As students enter 1st grade, they continue to work on math comprehension using early structures, like the Kindergarten journal we introduced last week, but now we begin to add visual models to the mix!
Let’s recap a child’s developmental journey through problem solving:
- In the early childhood years, a child needs lots of developmentally appropriate experience interacting with real objects in a physical world.
- The physical world is captured in a quantitative picture, which young children observe and use as a springboard for mathematical conversations.
- We transition into a more structured math work mat to help young students be able to connect numbers to words and words to numbers, still using familiar situations from real life.
- The math work mat gives way to a formal math journal in Kindergarten that makes use of math comprehension skills. It provides a structure for students to explain their understanding of numbers within real world situations that will carry on throughout elementary school.
Each of the stages of development builds on the skills developed in the previous step, so it is important that students aren’t rushed through these stages. The goal is to teach students the why behind the how so they aren’t just memorizing procedures but truly understand what is happening as they solve problems.
This 1st grade year is the last stage in the Math4Littles progression, in my opinion. After this, there isn’t much scaffolding, so we really want to carefully implement all the previous stages of problem solving before we turn the students loose, because we don’t want them to start guessing and checking. In taking students on this developmental journey, we are trying to build them a solid foundation for visual models to help them to understand problem solving.
How We Used to Teach Problem Solving
When I was teaching 1st grade, I remember a strategy that we used for problem solving called the C.U.B.S. method. Each of those letters stood for a step in the problem solving process so students could remember what to do: C – circle the numbers, U – underline the word, B – box the operation, S – solve the problem. Seems like a simple process that gives kids a really great structure to start to understand what words problems are asking, right? But what I realized is that this strategy doesn’t hold up long term.
As a child was reading a part-whole addition or part-whole subtraction story, the boxing and underlining worked great. But when we got to comparison problems, it all fell apart.
“Shannon has 5 lollipop and Scott has 4 more lollipops than Shannon. How many do they have all together?”
I watched students follow that procedure with this type of problem.
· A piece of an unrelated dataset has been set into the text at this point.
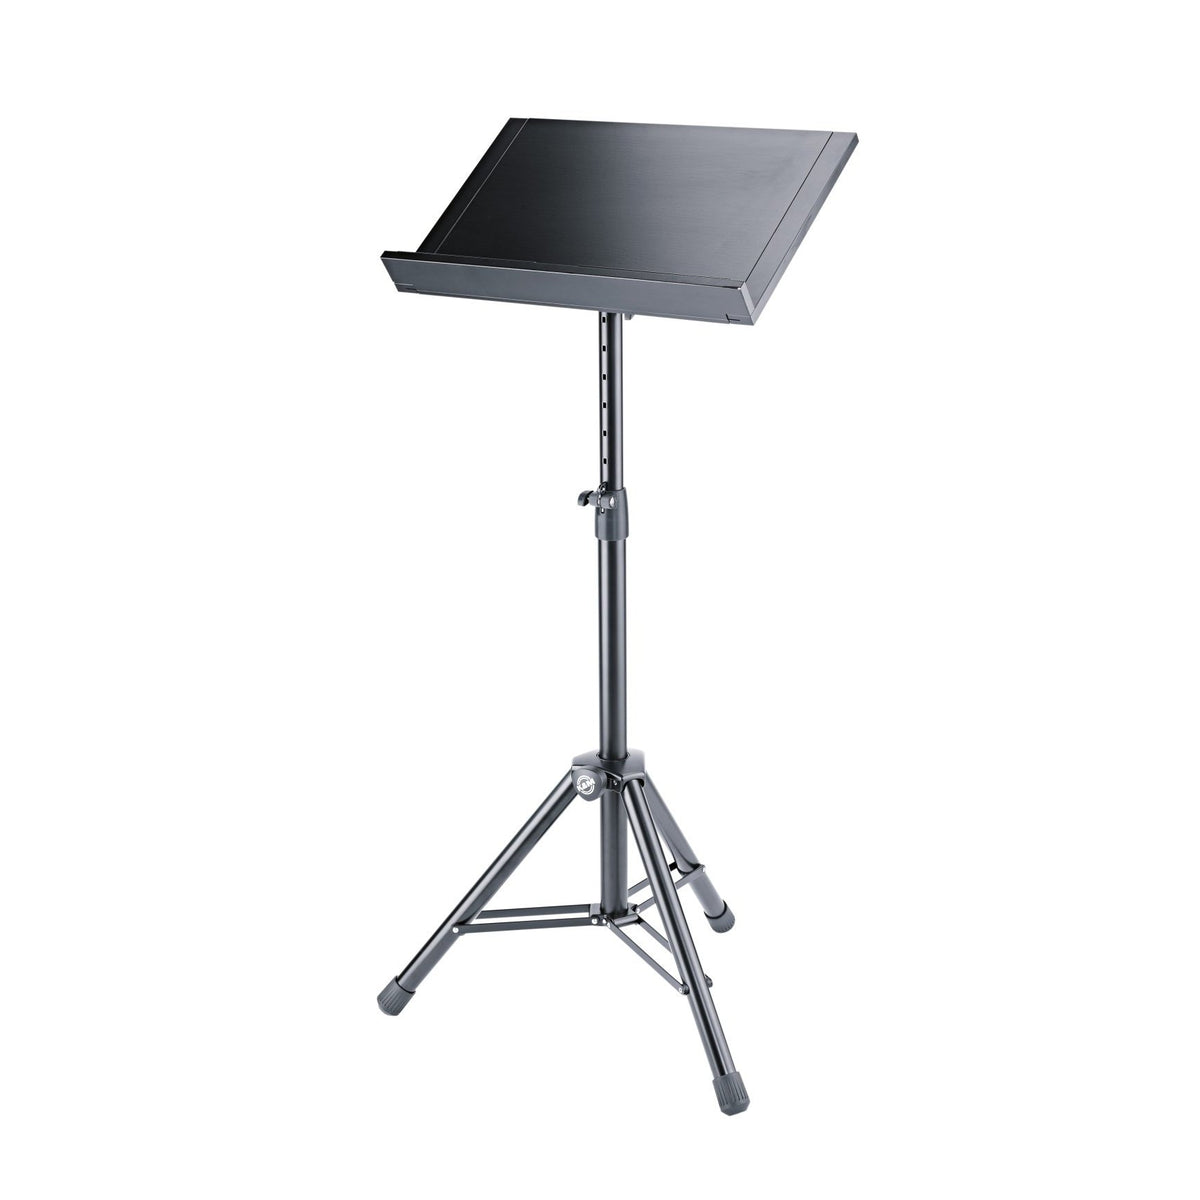 KÃ¶nig &amp; Meyer - 12338 Orchestra Conductor Stand Desk-Music Stand-KÃ¶nig &amp; Meyer-Music Elements

They circled the 4 and 5, underlined important information and put a box around the words all together, which means add because we’ve all seen the T-charts of addition/subtraction vocabulary – it says difference, it means we’re going to subtract, if you see all together, we’re going to add. But that strategy gives me 4, 5, and all together. If you go back to the question, you’ll realize the answer isn’t 9.
As I often do, I asked myself why? Why isn’t it 9? A little more reading comprehension is required to decode that answer. The problem says I had 5 lollipops. Scott had 4 more than me, which means he also had 5. Adding that up, he had 9 and I had 5, so there were 14 all together.
Why are we teaching kids procedures with concepts they don’t understand? Sometimes the strategies that we teach in math are conditional, meaning they only work for a certain amount of kids or a certain length of time. Then you have to worry about teaching them when to apply it and the rules for applying it, and what was meant to make things easier for students ends up being more complicated.
When we start working with strategies, I want to be able to find that vertical zip, meaning if I show you how this strategy might work in first grade, it has to work as the child gets older too so that they don’t have to learn a whole new set of strategies every year because every teacher teaches it differently. Honestly, the CUBS method would probably work for 75% of the problems in first grade. Students are doing more advanced part-whole addition problems, part-whole subtraction, part-whole missing addends, and they’ll start doing a few multi-step problems, all of which fit in the part-whole family, for which the CUBS method works well. But when you move out of that genre of problems, it falls apart.
This is why, even in the Kindergarten journal, we use a coding system for our story problems. It’s for teachers and students to start to learn the different characteristics of the types of story problems that are out there, which will put them further ahead.
In the Kindergarten journal, we featured part-whole addition, part-whole subtraction, part-whole missing addend, a few problems with teen numbers, and a mixed review. The journal is very structured because it is intended to start students thinking about what they’re reading in the story problem: We have a story, a sentence form, a quick draw area, a number bond, a 10-frame, and a computation area. As they transition to 1st grade, how do we remove some of that scaffolding while still keeping it developmentally appropriate?
We have to be really careful with the way we make this transition, because very quickly, students can jump to the “circle the numbers, box the word” strategy and many times they just appeal to us because they don’t know what to do. It’s a word problem and it’s confusing, so they just add because we’re talking about adding that week.
Additive Comparison Problems
Additive comparison problems, where I have an amount and you have the same amount but you may have more or less than I do, are introduced after students have spent some time working on multi-step part-whole problems.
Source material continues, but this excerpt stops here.